» **Collected material**
<<<<
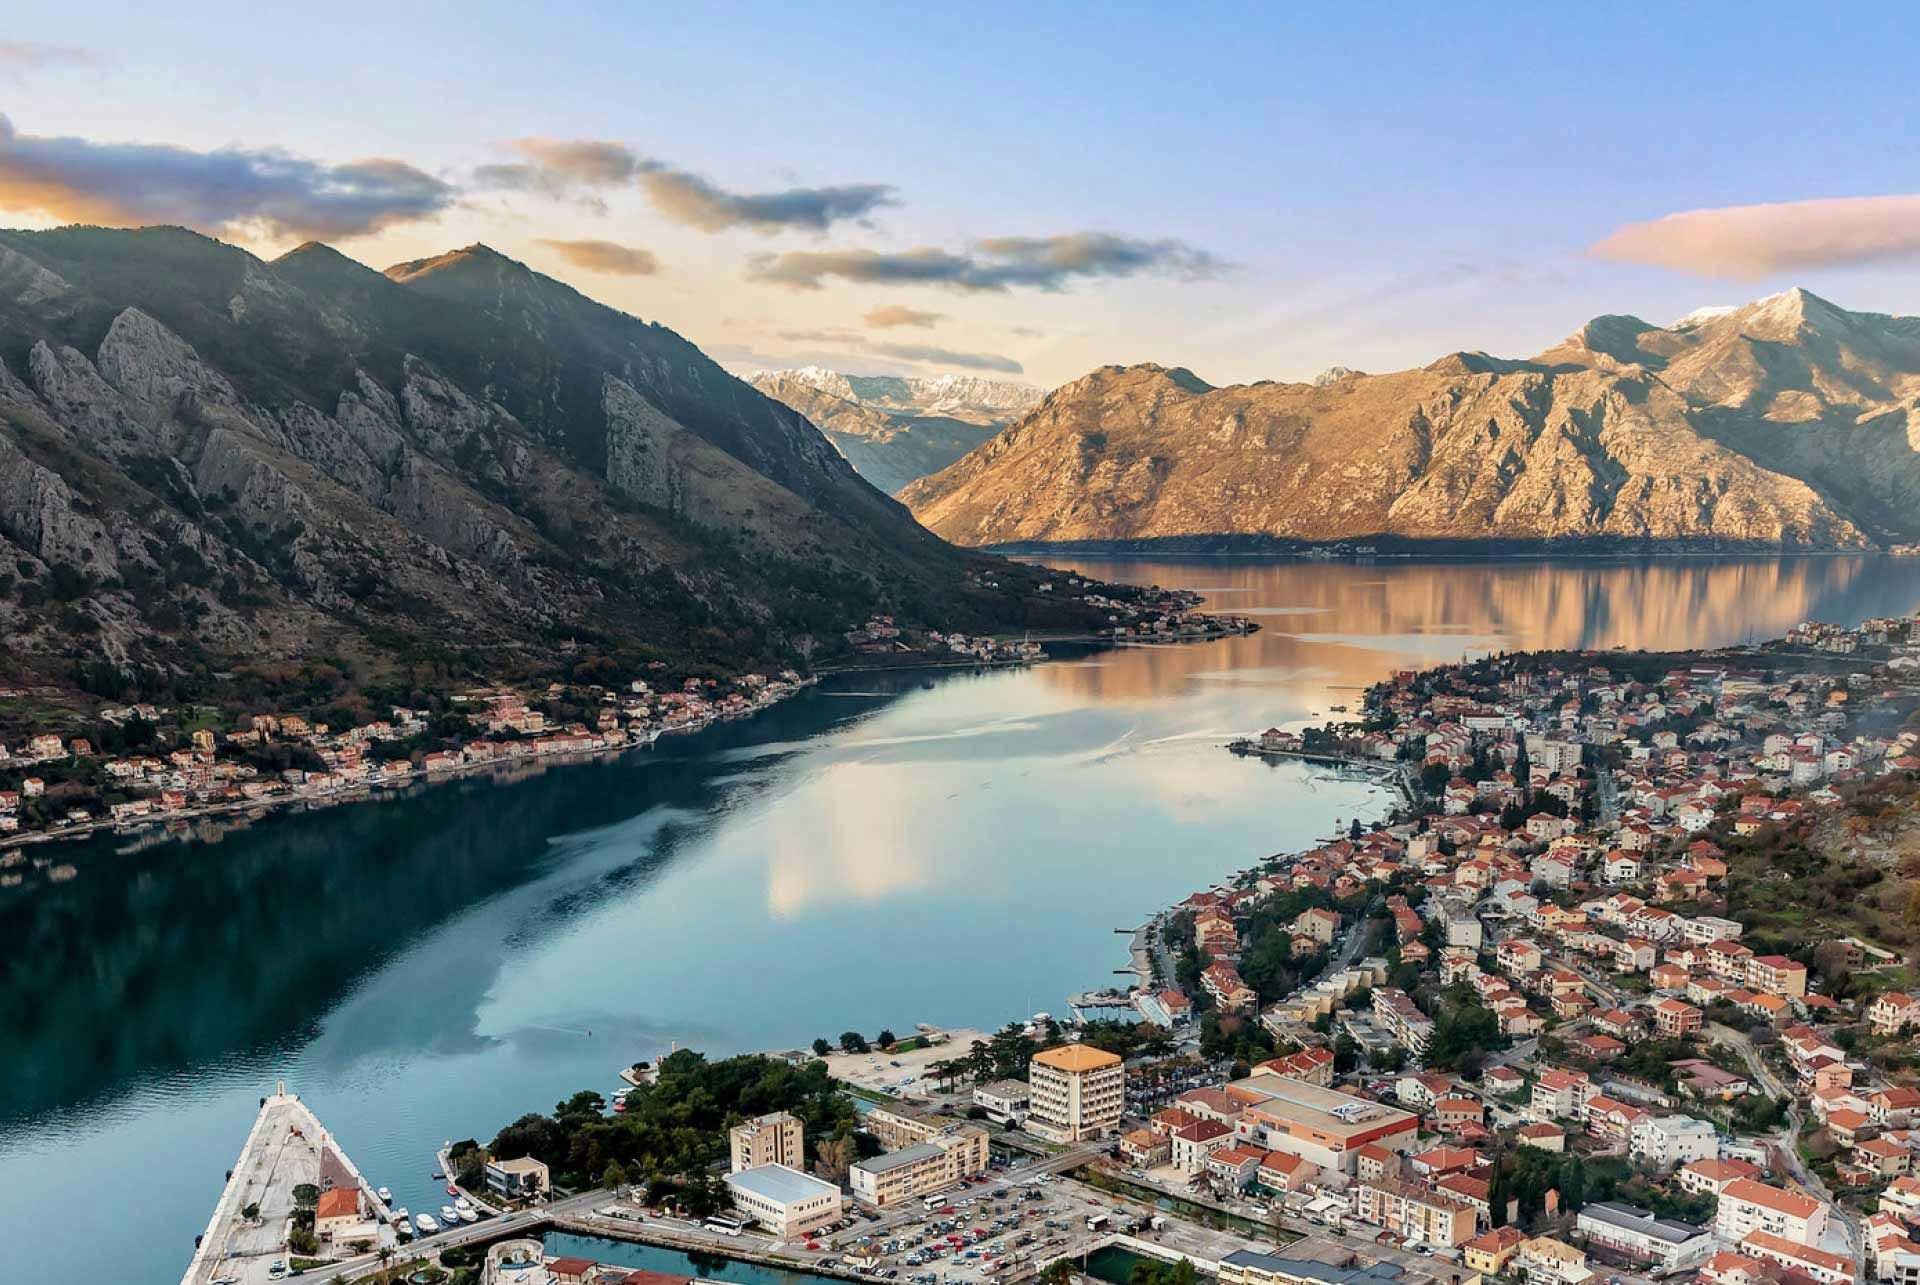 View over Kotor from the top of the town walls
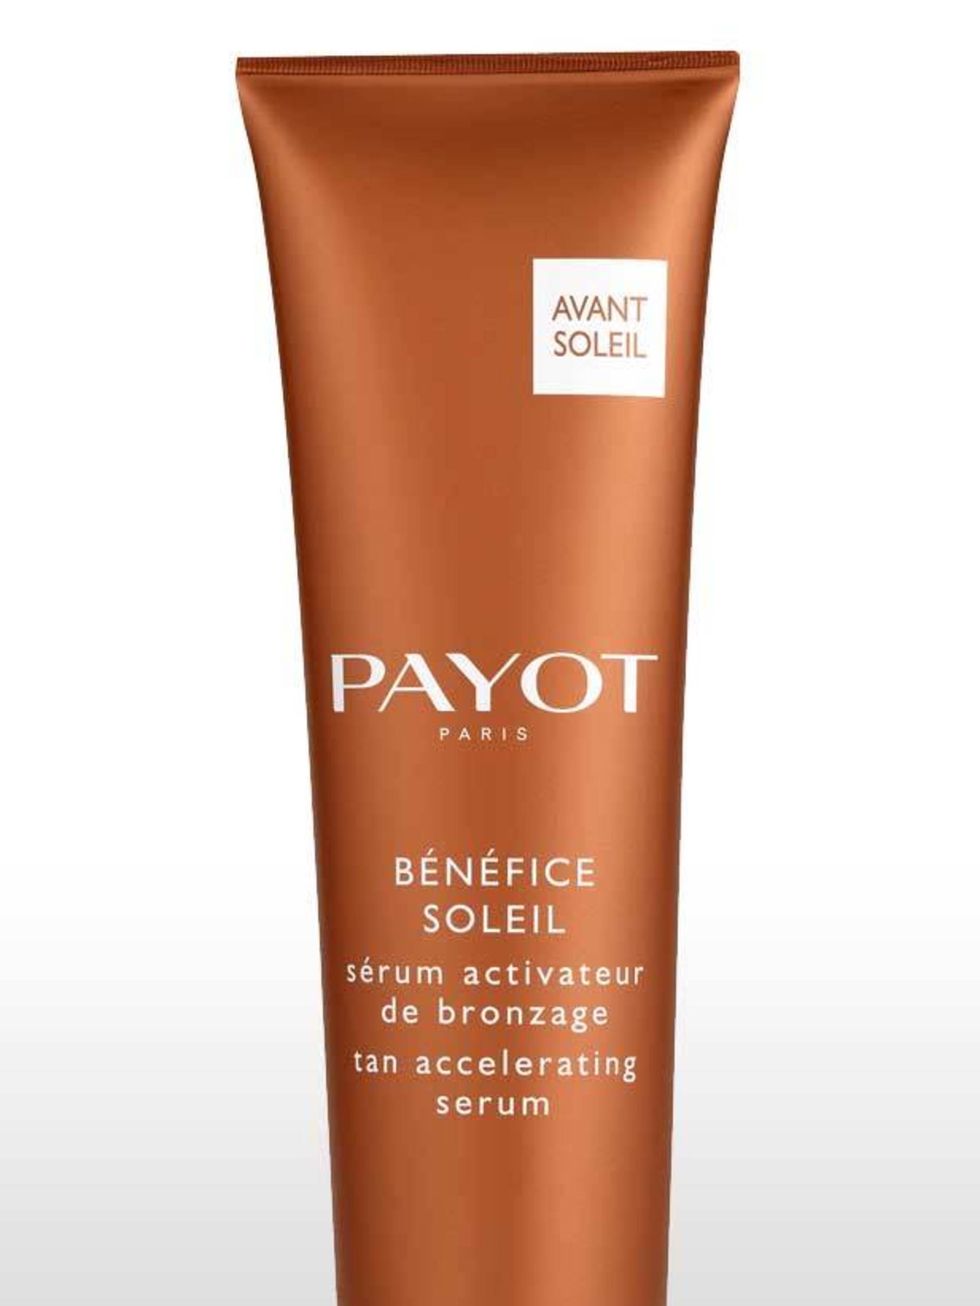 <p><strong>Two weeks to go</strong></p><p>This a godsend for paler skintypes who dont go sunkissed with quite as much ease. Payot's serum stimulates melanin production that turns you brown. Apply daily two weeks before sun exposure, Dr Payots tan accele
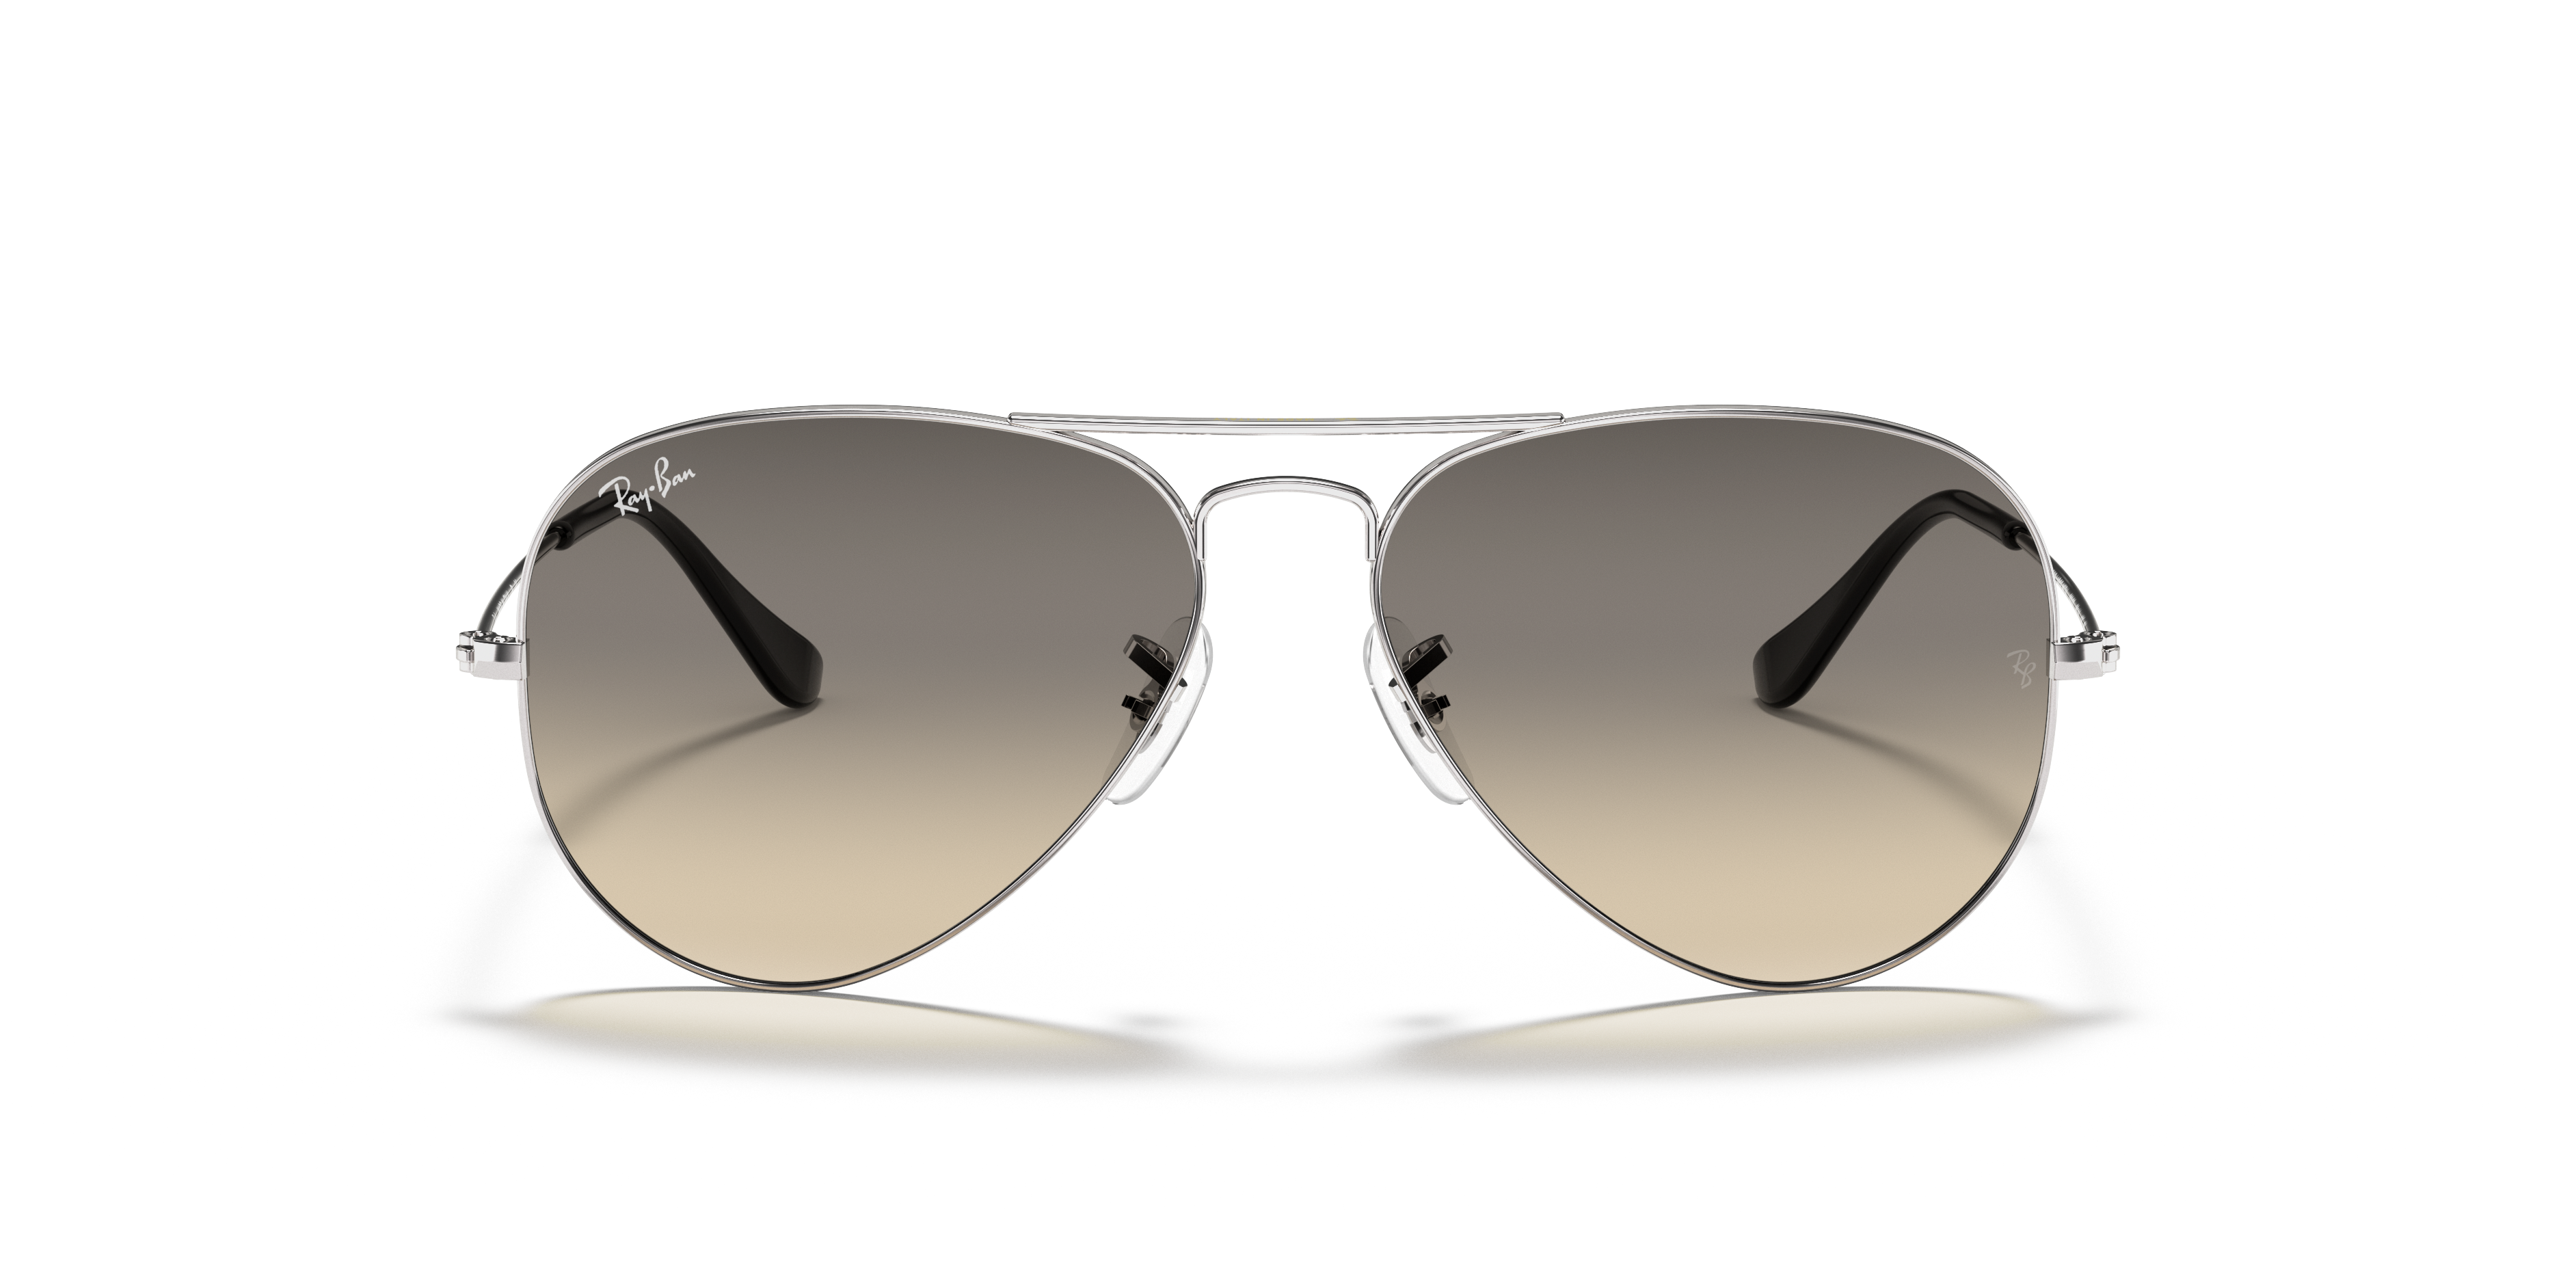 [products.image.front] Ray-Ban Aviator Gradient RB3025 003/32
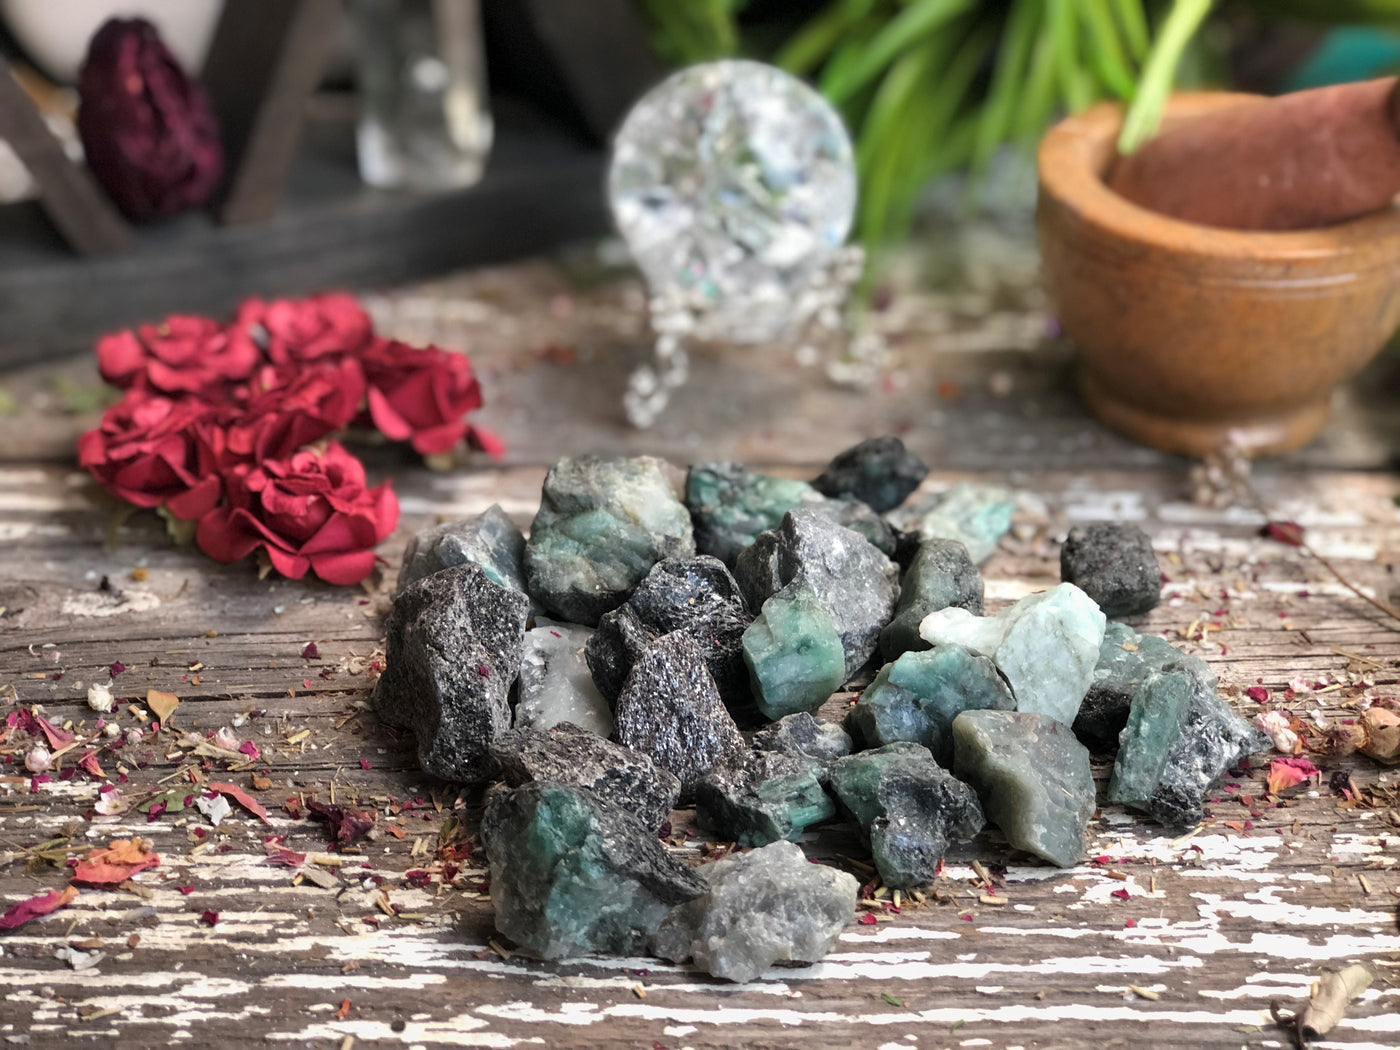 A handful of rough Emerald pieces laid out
>>>>
» **Assigned task**
Write out nothing but the lines from the start of the data through the line with "<p><strong>Two weeks to". Leave out the pictures.

» **Answer to the problem**
 View over Kotor from the top of the town walls
 <p><strong>Two weeks to go</strong></p><p>This a godsend for paler skintypes who dont go sunkissed with quite as much ease. Payot's serum stimulates melanin production that turns you brown. Apply daily two weeks before sun exposure, Dr Payots tan accele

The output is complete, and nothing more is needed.